Some poor-quality lamps consume high power in watts and don’t produce much brightness.
lumen to watt formula
We can measure the efficiency of lighting products such as bulbs, lamps, etc. from the lumen to watts relationship. Therefore, the efficiency of a bulb or lamp will be the amount of total output light (in Lumen) divided by the power used (in watts). So using this relation we can decide and measure the efficiency of lighting products. Let’s take an example.
Assume there are two lighting products “A “and “B”. Light A offers a light output of 4000 Lumen for 20 Watts of power. And Light B offers a Light output of 5000lumens for 40 watts of power.
Now according to the lumen-to-watts relation, we can determine the efficiency of each product.
- For Product A, Lumen per watt relation= 4000 lm / 20 watt
- The efficiency of Product A =200 Lm/ W
- For Product B, Lumen per watt relation= 5000 lm / 40 watt
- The efficiency of Product A =125 Lm/ W
So from the formula, we decide that product “A” is the best choice to use not product “B”.
Does more lumen mean brighter?
Yes. More lumen means, it will be lighter (brighter). Lumen is the measure of visible light.
It is represented as lm. Lumen is defined as the unit of luminous flux. Luminous flux is the quantitative measure of brightness.
Lumen being the measurement of visible light shows how much energy the light is emitting from the source. Let us see how many lumens these watt-rated devices have.
A 25W lamp will have 230-270 lumen. A 35W spotlight has 250-280 lumen while a lamp of the same wattage rating has 390 to 410 lumen.
440 to 460 lumen are delivered by a 40W lamp. A 50W spotlight is able to deliver 300-400 lumen. 60-, 75-, and 100-watt lamps are able to brighten the surroundings with 800-850, 1000-1100, and 1500-1600 lumen.
The brightness that is measured in this way is directed in a spherical direction. The quality of using lumen measurement is that it does not change with distance. Let us suppose we measure the brightness of the bulb at 2 meters and record its value.
Then again, we measure the brightness at a distance of 4 meters from the source and record this value.

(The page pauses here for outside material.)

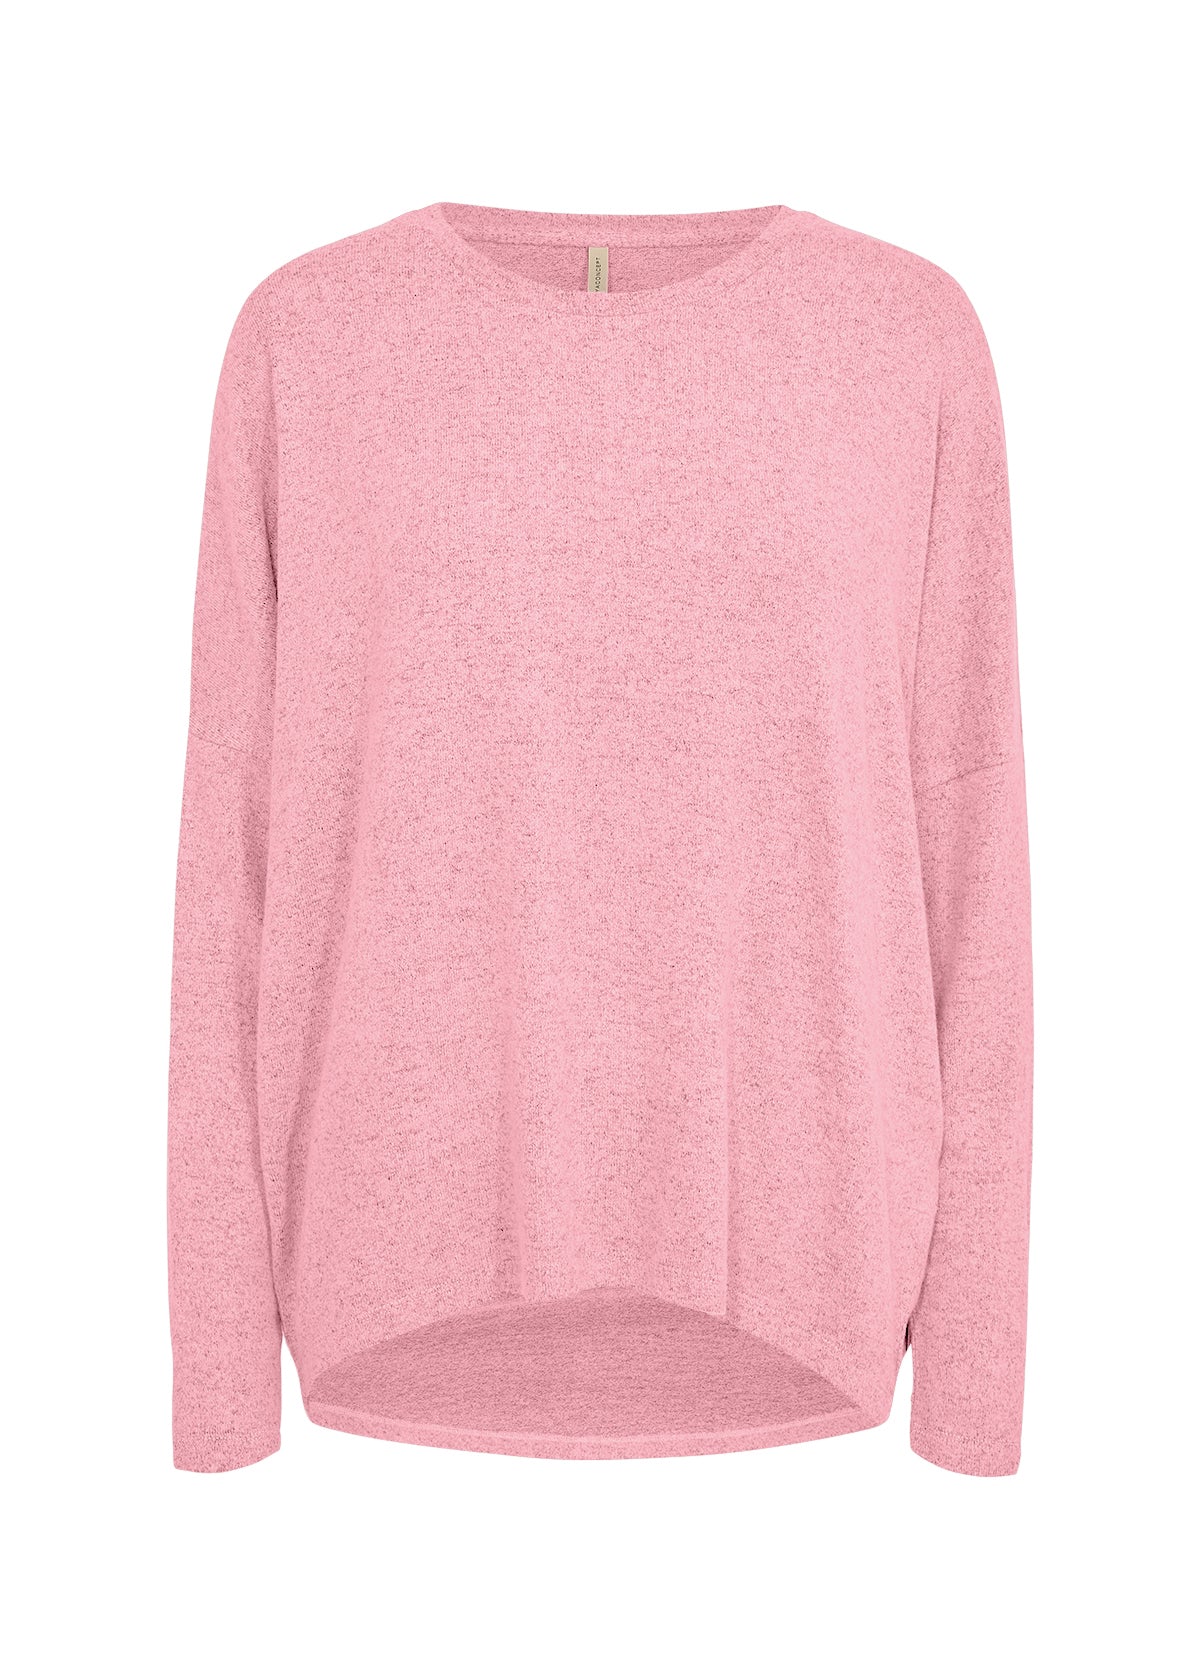 Soya Concept Biara Pink Top
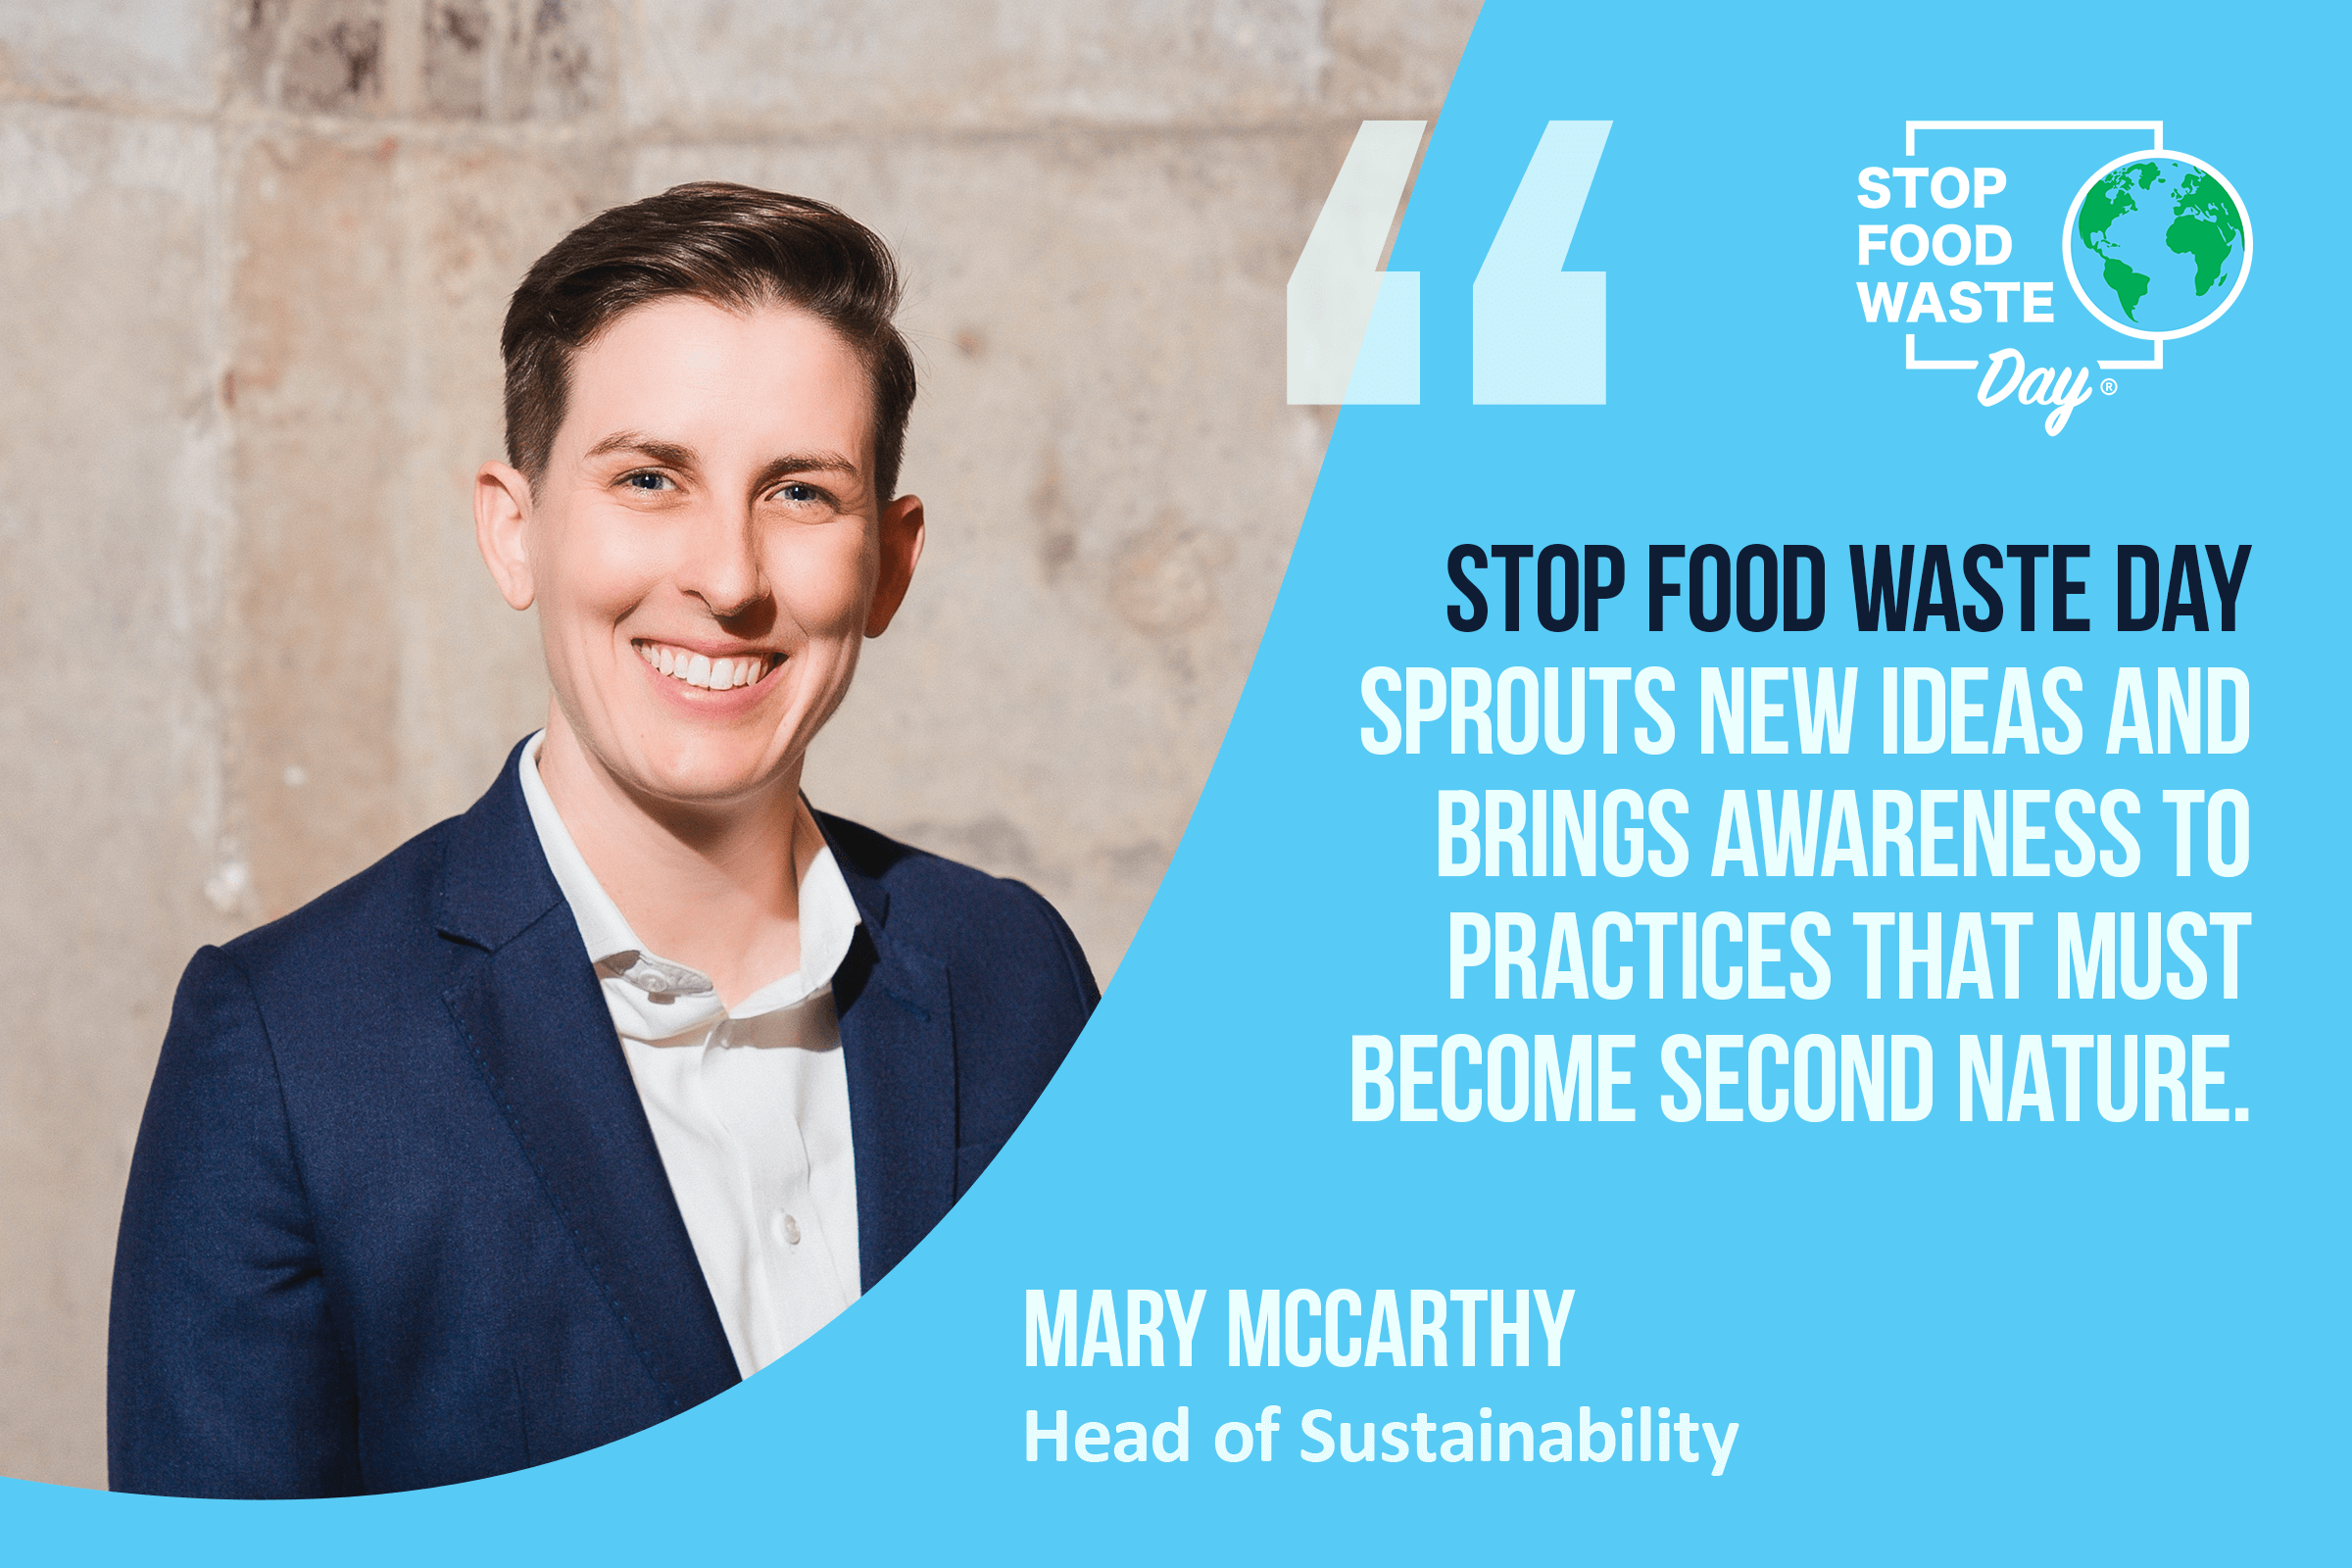 Mary McCarthy, VP of Sustainability

When we compare these values, the value of light intensity at 4 meters will be half the value at 2 meters. But the area at 4 meters will be 2 times the area at 2 meters.
Does high lumen equal excellent viewing quality?
No, not always. High lumen is the measure of brightness. High lumen does not have better colors and vividness.
Let us discuss this matter with respect to a projector. We adjust the lighting (brightness) and the projection size for a particular length of the room by the degree of brightness and ratio of contrast.
The projector image brightness output sets the brightness of the bulb that is actually measured in lumen.
While the color dynamics of the image depend upon the value of contrast. For better quality at a shorter distance, we need a better value of contrast.
A better value of contrast can be found by the ratio of extremes of contrast. Lumen is counted as an important factor at larger distances.
Because the crispiness of the image (knowing the limit of an object being shown in the image) is attained only if there is enough brightness for each object to show itself.
So, from the above discussion, we can say that, yes, lumen affects the quality of the image but only when we are a little too far from the image projected from the projector.
So, just brightening the image will not help you get a better-quality picture, it will just cost you more wattage and a relatively expensive bulb.
Which is brighter, lumen or candle power?
The candle power of Candela is brighter than the lumen. 1 Candela is 12.57 times brighter than the lumen. But we must keep in mind that these units do not indicate the same thing.
We know that lumen is the measurement of the total light emitted from a light source. But one the other hand, candela is the measure of the brightest part of the light or we can say the luminous intensity is candela. Let us understand it from an example.
Suppose, it is nighttime and you’re in a jungle. You have a torch that has a very good lumen rating. You turn it on and everything around you is illuminated.
But your friend has a torch with a high rating of candle power. He takes it out and turns it on. But nothing around him is illuminated but the light from the light source is just directed towards a single point and is really bright. This is the difference between candle power and lumen.
Lumen provides you with a light that is helpful in doing work. But the lumen does not tell us where the light will go. Lumen can be trusted the providing light in the places like houses, buildings, and showrooms.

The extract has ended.